David MacLennan, a director at Caterpillar (CAT), recently bought 500 shares. The buy increased his position by 10%, and came to a total cost of $168,195.
This is the director’s second buy of the year, following a 350 share pickup for just over $113,000 back in February. Otherwise, there has been one insider sale from a company Group President, following the exercise of stock options. Going further back, insiders were more likely to be sellers of Caterpillar stock.
Overall, Caterpillar insiders own 0.2% of shares.
The heavy equipment manufacturer has soared 62% in the past year.
Earnings have soared 47%, even as revenues have been flat. That means that even after the big run, Caterpillar trades at just 16 times earnings.
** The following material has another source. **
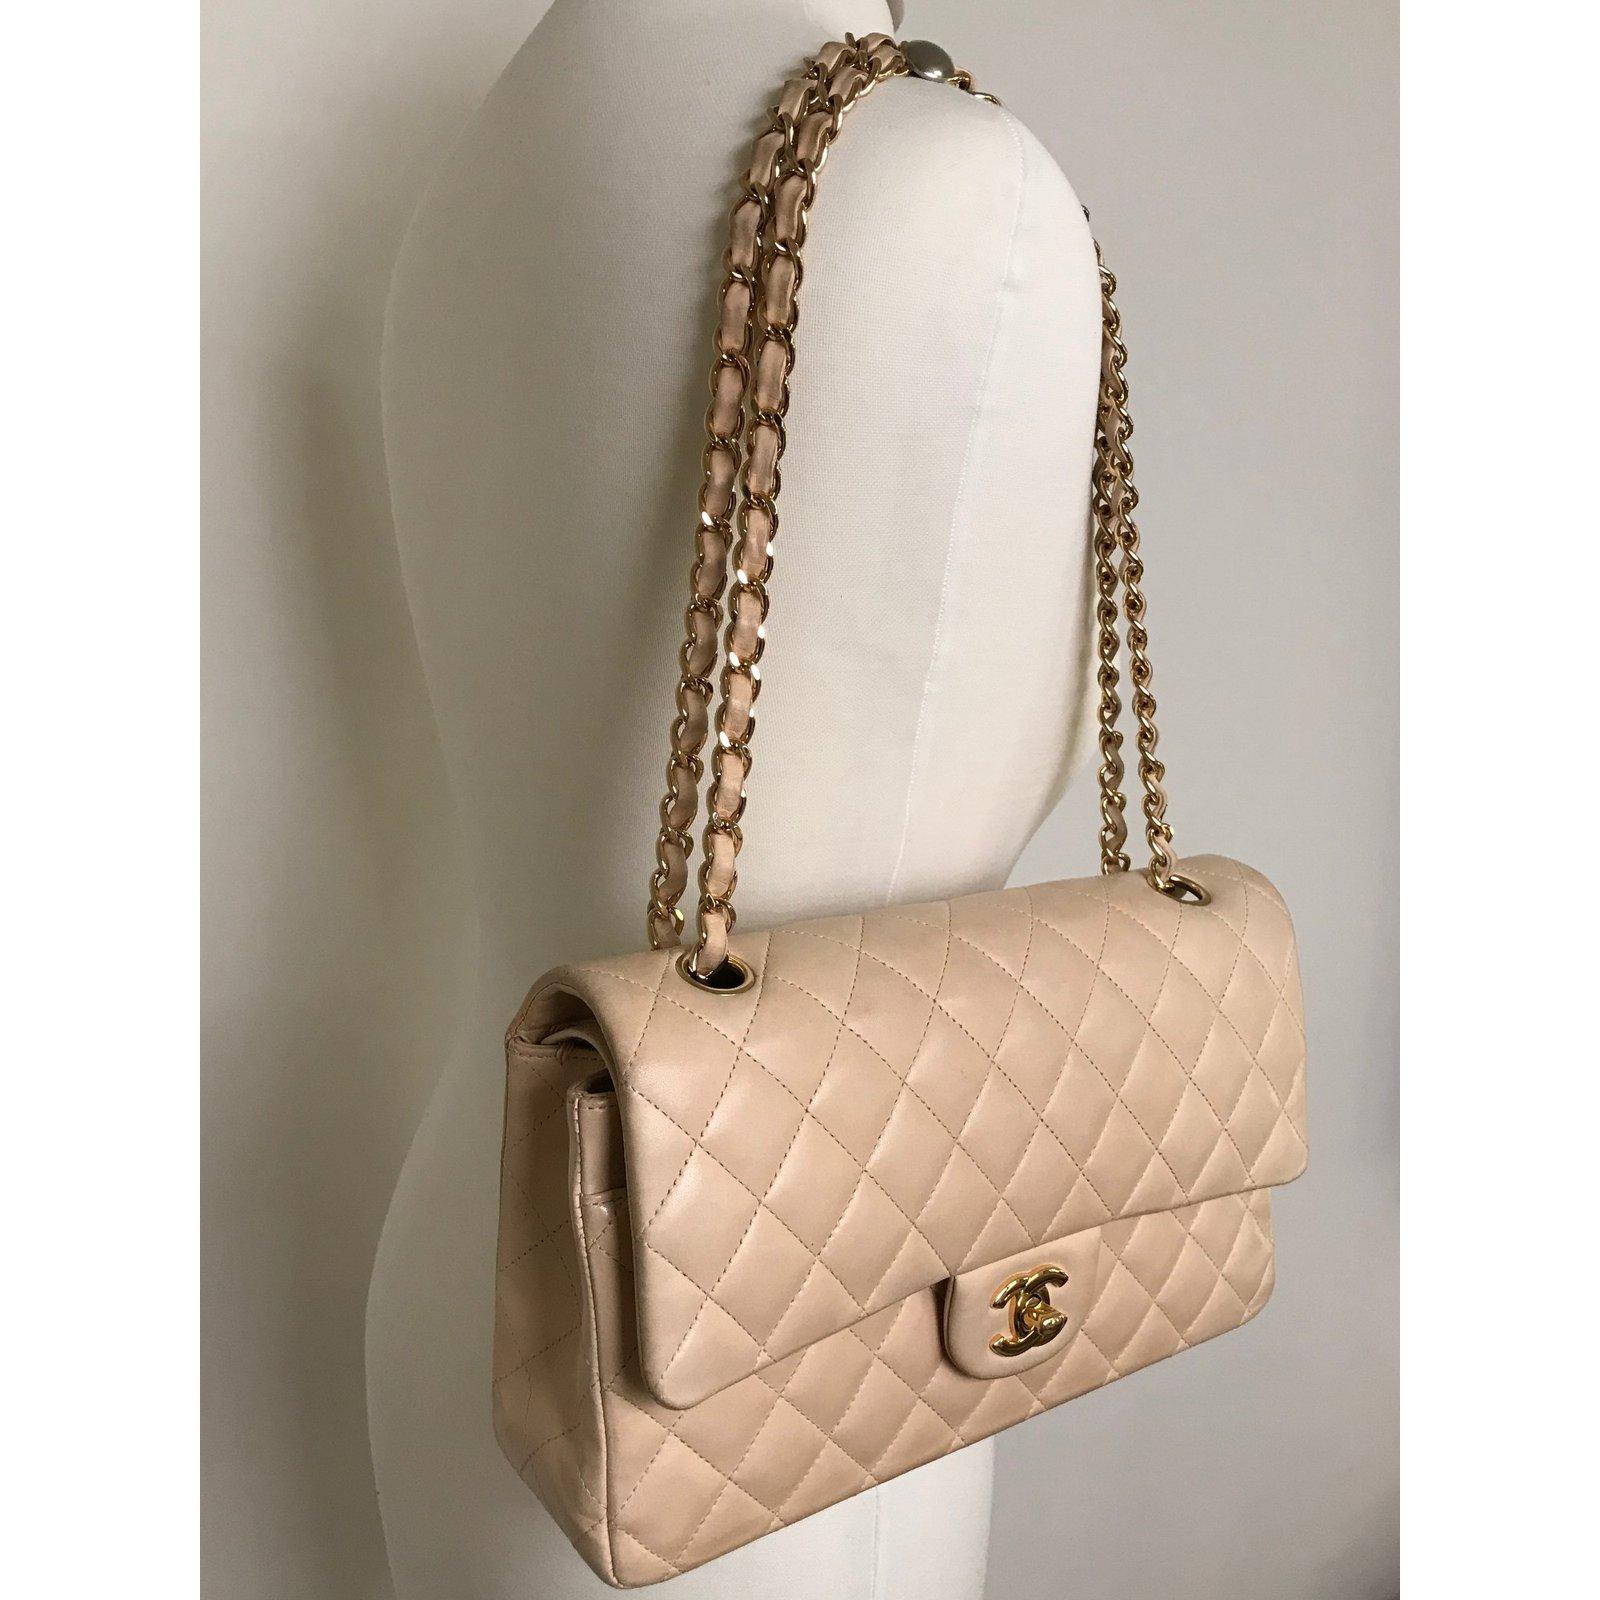 2f66d5a5c0d9 Chanel Chanel Timeless Medium Double Flap Bag Handbags Lambskin Beige  ref.63544 - Joli Closet

A multi-year boom in construction and infrastructure spending is underway, which should continue to push shares higher in the years ahead.
Shares have pulled back in recent weeks, in line with the overall market. However, the longer-term uptrend looks intact.
Action to take: Long-term investors may want to build a position in shares under $350, as a long-term holding. Caterpillar pays a 1.5% dividend, and has a history of growing that payout over time.
For traders, the July $370 calls, last trading for about $5.15, could see mid double-digit returns in the coming months as shares get back to their long-term uptrend.
Disclosure: The author of this article has no position in the company mentioned here, but may trade after the next 72 hours. The author receives no compensation from any company mentioned in this article.